The height of the summer road trip season seems like a good time to pose this question: Does vacation driving turn you on or stress you out? I’d wager to say this is a question that probably won’t provoke a neutral response. I know people in both camps. I myself fall squarely into the “stress you out” category.
I still have vivid memories of a road trip in 1974 (yes, 1974!) from northern Virginia, where I lived at the time, to Fall River, Massachusetts. I was in the front passenger seat of my friend’s sporty little Datsun 280-Z. And instead of bypassing the New York City metro area—which would have been the sensible thing to do from a route standpoint—we headed straight into Manhattan. It was a Friday night, which meant gridlocked intersections and literally overflowing sidewalks. As we inched along at a snail’s pace, with an aural backdrop of blaring car horns and occasional catcalls hurled in our direction by rowdy New Yorkers, one thought ran repeatedly through my head: “I am so glad I’m not driving.”
Let me also say that I’m not particularly fond of driving to begin with. I put up with daily commutes and weekends spent running errands because I have to, but these all take place on short, fixed routes made well-worn by familiarity. I’d also rather not walk to the dry cleaners, the ATM, the grocery store

or my absolutely necessary bagel-and-coffee run to Einstein’s. When I travel, the road can be relaxing in a hypnotically comforting way, although that feeling is greatly enhanced if there’s something interesting to look at.
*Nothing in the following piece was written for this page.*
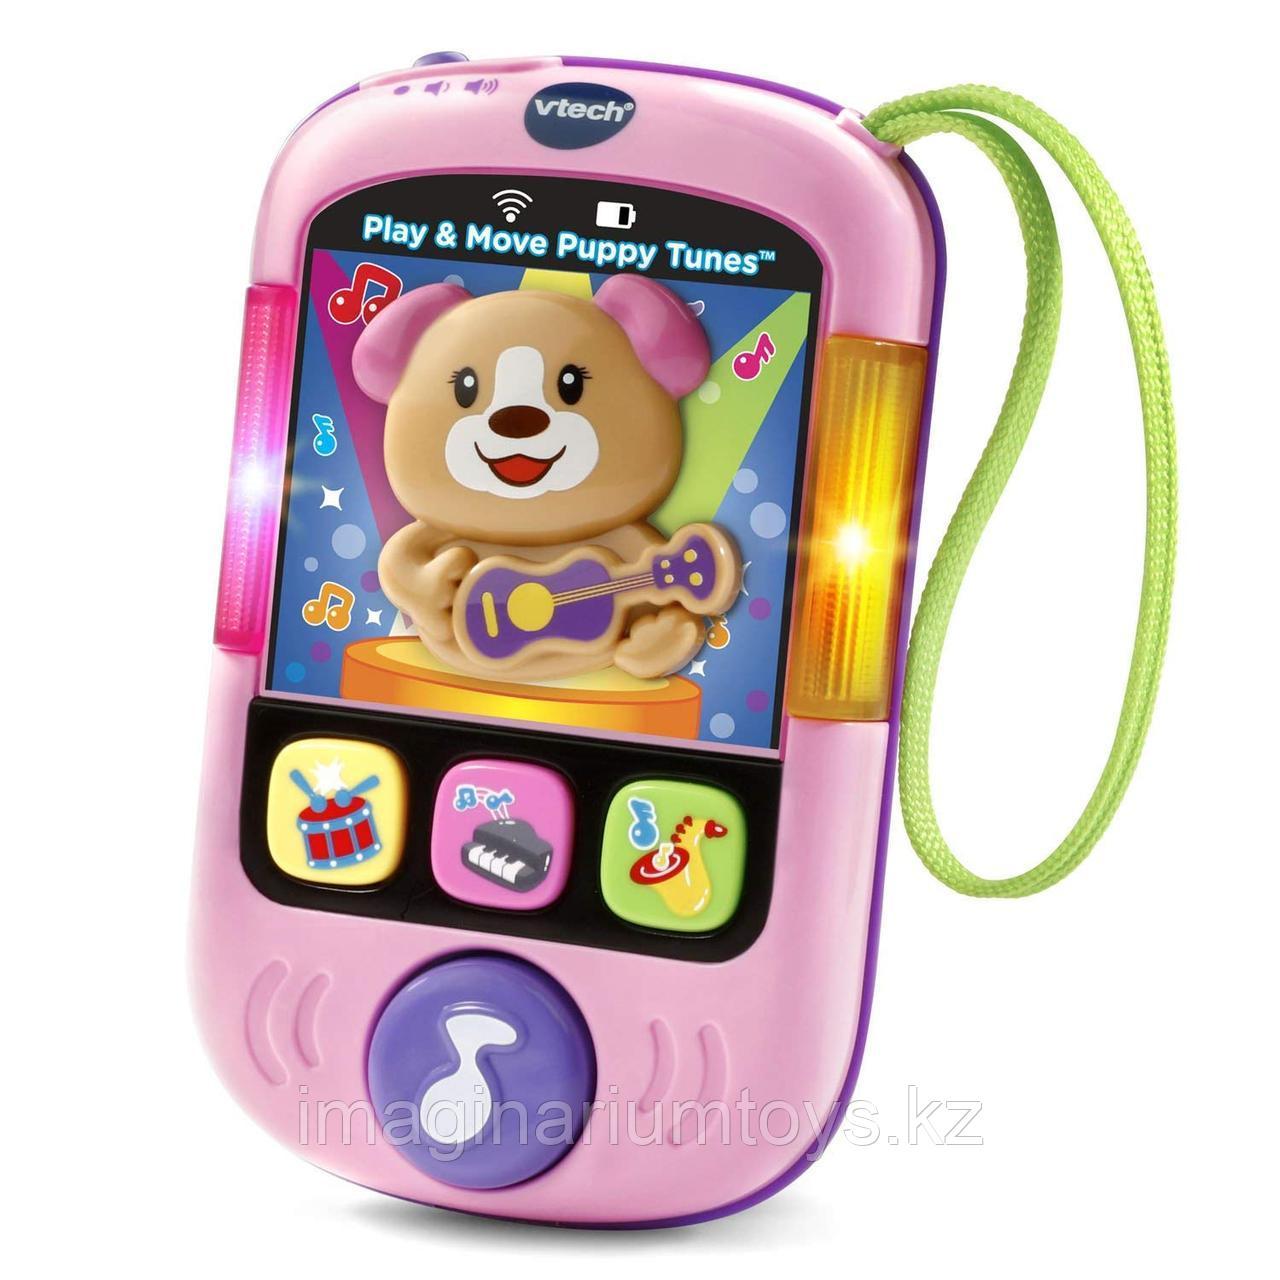 Интерактивная развивающая игрушка Телефон VTech

But when I’m on business travel assignment, driving is a second job. I’m constantly thinking about what I’m going to write about, what the next stop on my itinerary is, how to get there and the fact that the rustic, weathered barn I just passed would have made a great photo. Let’s not even mention the notes I could—and should—be taking if both my hands weren’t occupied. And if I happen to be somewhere I love, like the Pacific Northwest or San Francisco or the English countryside, I want to be a total tourist, relax and look out the window rather than scouting for road signs or playing passing roulette with other vehicles on a 40-mile stretch of winding two-lane roadway.
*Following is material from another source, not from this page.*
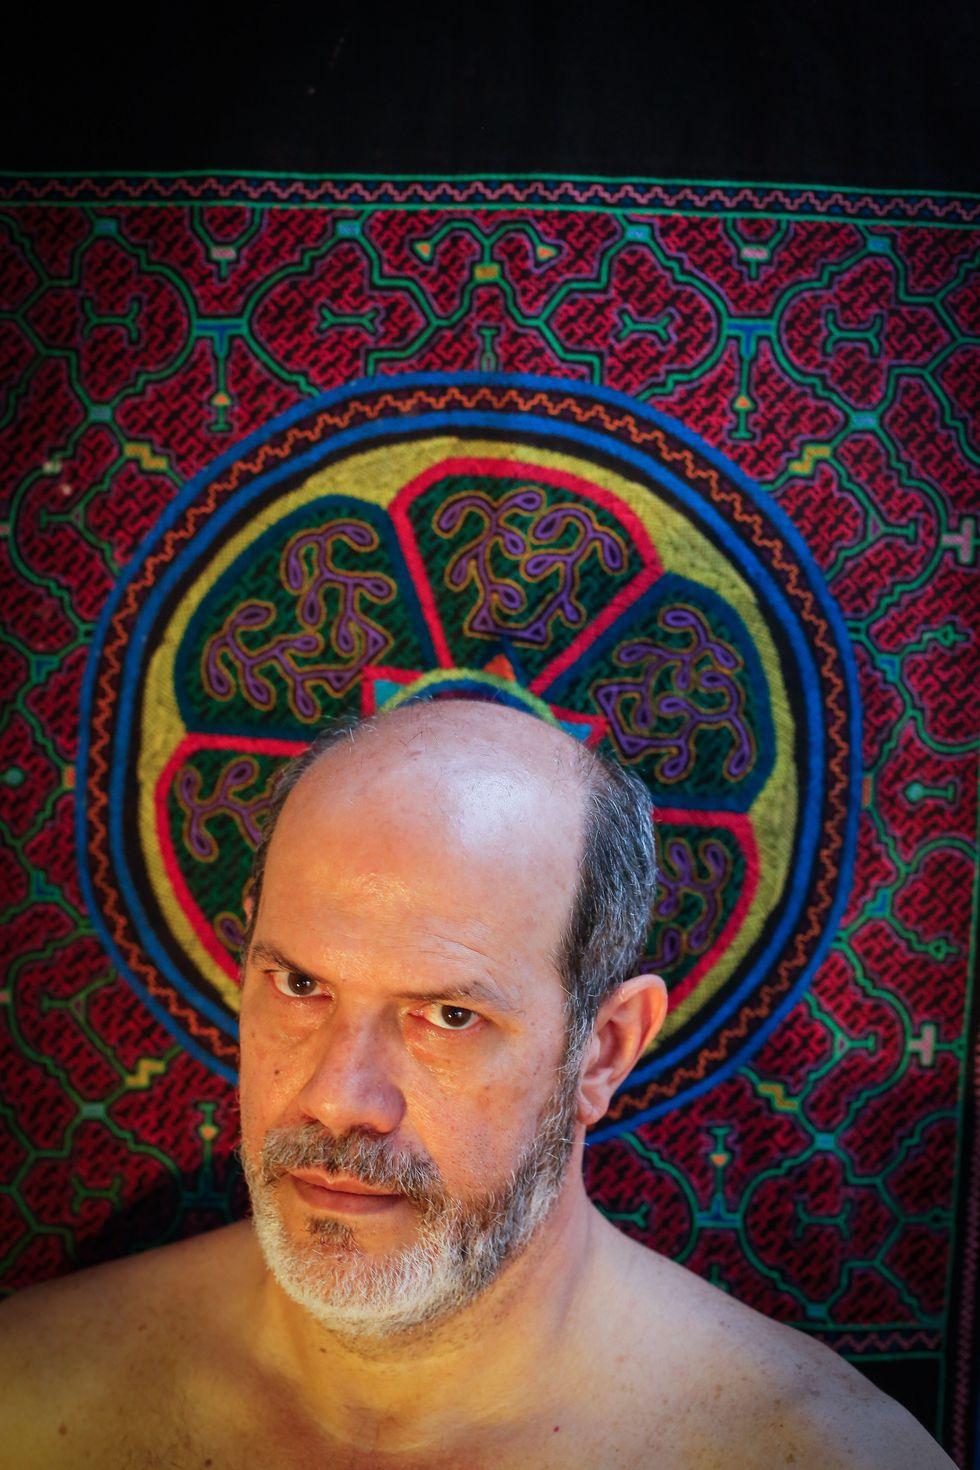 El artista transfigurado en su obra. (Foto: Hugo Pérez)

My most enjoyable assignments are therefore the ones where I can cajole a good friend of mine to come along

and oh, by the way, could you please do the driving? My fellow blogger
Eli Ellison, on the other hand, is just the opposite; the crazier the conditions the better he likes it. Piloting a rented VW bug through the teeming alleyways of New Delhi with only a dog-eared copy of Let’s Go India & Nepal for guidance would be his idea of fun. A perilous mountain road with a sheer drop-off and no guardrail? Child’s play. The sudden appearance of livestock on a potholed stretch of asphalt snaking through Yucatecan jungle? No problema. Street signs in Sanskrit? Bring it on.
How does everyone out there feel? Let’s hear some comments.